The protagonist of this article is ID (Interpolative Decomposition). It can be understood as a low-rank decomposition with a specific structure, where one side consists of several columns of the original matrix (of course, if you prefer rows, selecting rows is also fine). In other words, ID attempts to find several key columns from a matrix to serve as a "skeleton" (usually also called a "sketch") to approximate the original matrix.

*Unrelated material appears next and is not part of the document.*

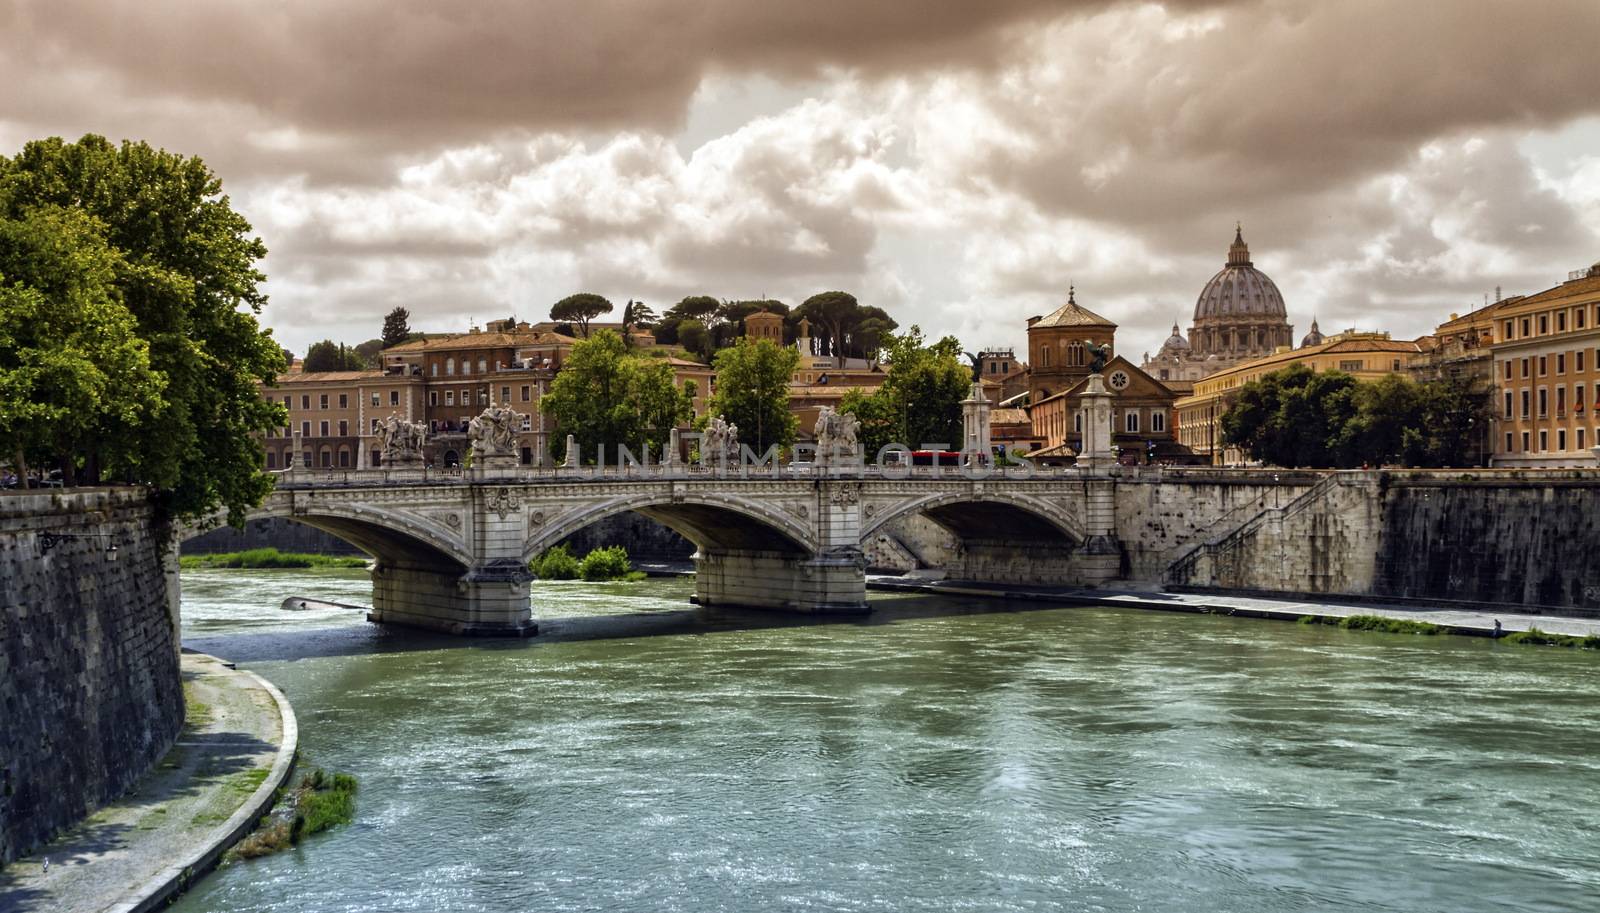 Tiber river, Ponte Sant'Angelo and St. Peter's cathedral, Roma, Italy by Elenaphotos21

Many readers may have never heard of ID; even Wikipedia only has a few vague sentences of introduction (link). However, in fact, ID has long been built into SciPy just like SVD (refer to scipy.linalg.interpolative), which indirectly confirms the practical value of ID.
Basic Definition
In the first three articles, we introduced the pseudo-inverse, SVD, and CR approximation. All of these can be seen as seeking a low-rank approximation with a specific structure: \begin{equation} \mathop{\text{argmin}}_{\text{rank}(\tilde{\boldsymbol{M}})\leq r}\Vert \tilde{\boldsymbol{M}} - \boldsymbol{M}\Vert_F^2 \end{equation} where \boldsymbol{M}\in\mathbb{R}^{n\times m}. When no other constraints are added, the optimal solution is given by SVD. When we stipulate \tilde{\boldsymbol{M}}=\boldsymbol{A}\boldsymbol{B} and one of \boldsymbol{A} or \boldsymbol{B} is already given, the optimal solution for the other half can be provided by the pseudo-inverse. If we stipulate \boldsymbol{M}=\boldsymbol{X}\boldsymbol{Y} and \tilde{\boldsymbol{M}}=\boldsymbol{X}_{[:, S]}\boldsymbol{Y}_{[S,:]}, then this is the problem addressed by CR approximation.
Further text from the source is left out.